Dr Dilys Berman, one of SA’s leading pollen analysts based at the UCT Lung Institute says the progress made in forensic palynology is starting to transform criminal investigations and prosecutions all over the world.
“As the number of cases that pollen is successfully used as evidence increases, the range of its potential uses also increases. Pollen can be used to solve crimes related to forgery, illegal drugs, assault, robbery, rape, murder, genocide, terrorism and arson to name but a few.
“It can also be used to resolve various types of civil cases, such as the authentication of paintings, fake antiques, forged documents, removal of artifacts from historic or archaeological sites, illegal pollution of the environment or the poaching of animals and fish.”
Dr Bermin says with almost half-a-million different types of plant species on the planet, you need to have a sound understanding of plant ecology and plant communities in and around a crime scene area, including knowledge of the production, dispersal patterns, preservation potential and identification of pollen spores to interpret recovered forensic pollen samples.
“Pollen grains can remain at a crime scene long after the event.
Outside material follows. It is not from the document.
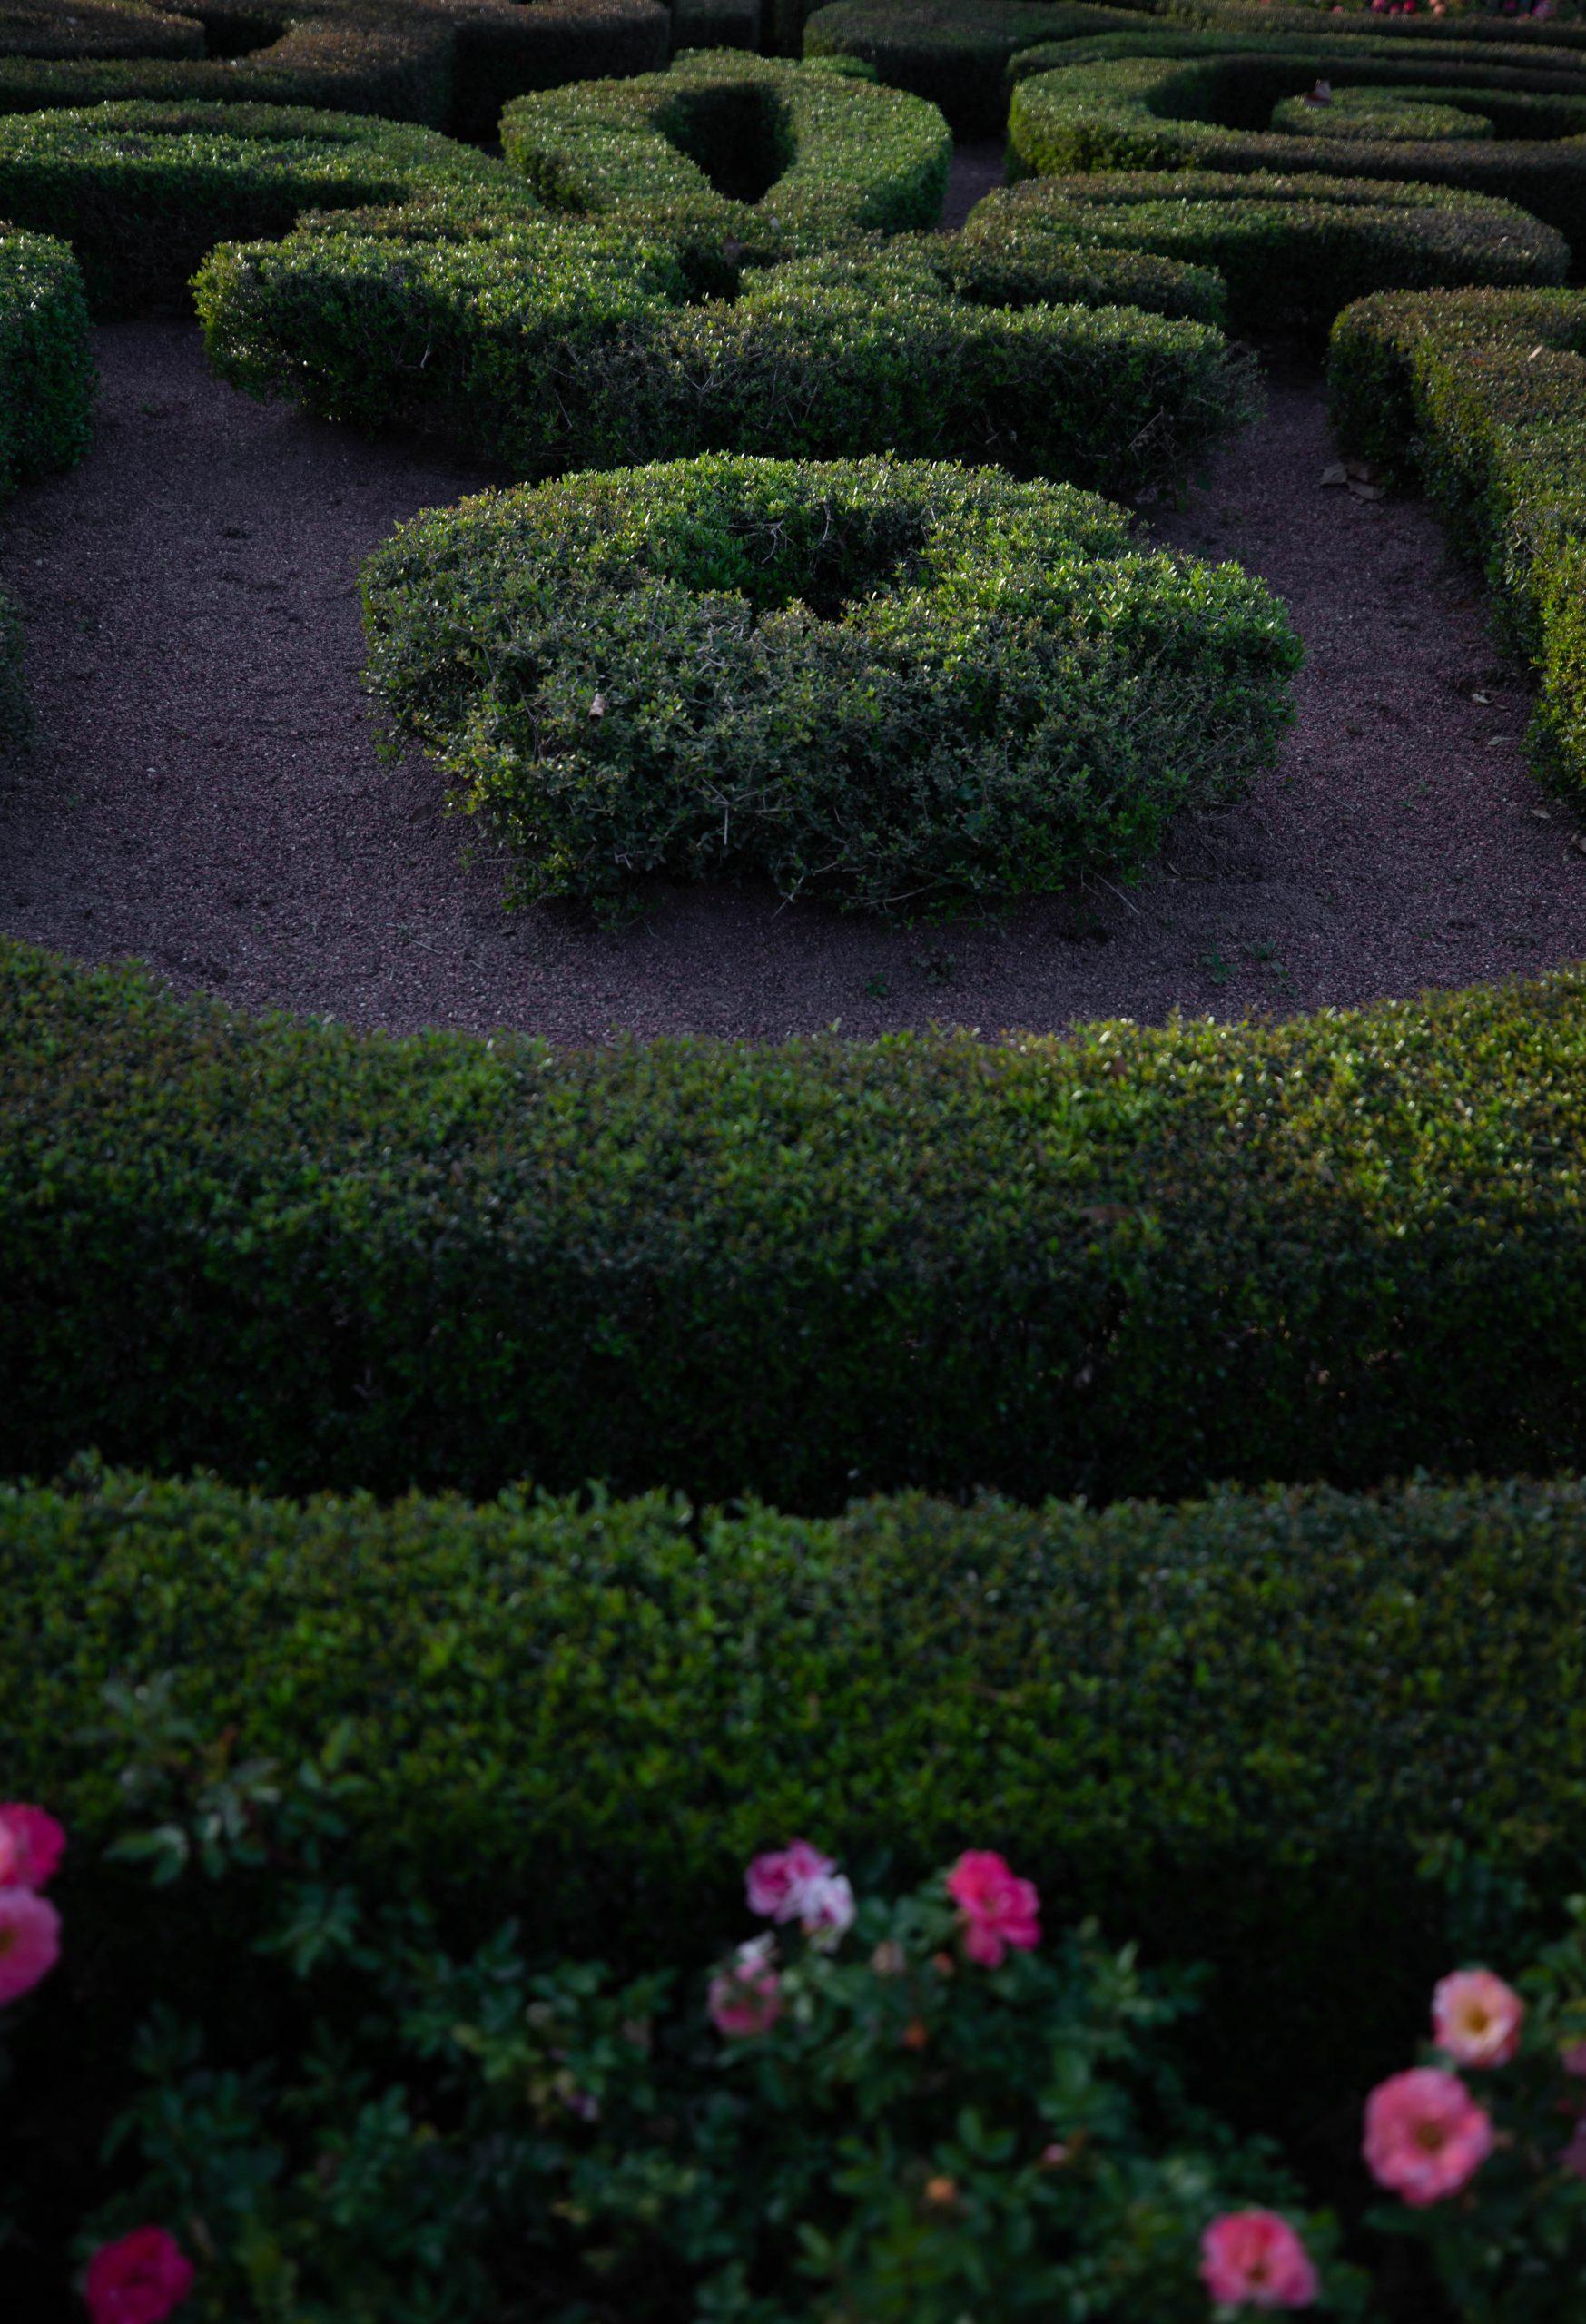 France Gardens at Epcot Walt Disney World Orlando Florida by Luxury Travel Writer and Photographer Annie Fairfax

The fact that they are small, highly variable and found on almost anything that has been exposed to or interacted with the air, make them ideal forensic trace materials. Pollen grains can be isolated from soil, rope, clothing, drugs, air filters, plant material, animal and human material such as fur, hair or stomach contents by using forensic tools.
“Each region also has its own unique pollen composition – almost like a fingerprint, which is relatively indestructible even if you wash your clothes, a pollen print remains. If pollen samples are collected in a correct and timely manner it is even possible to tell when the crime was committed. Much of that has to do with knowing the pollination cycles of various plants, which is why pollen monitoring is important.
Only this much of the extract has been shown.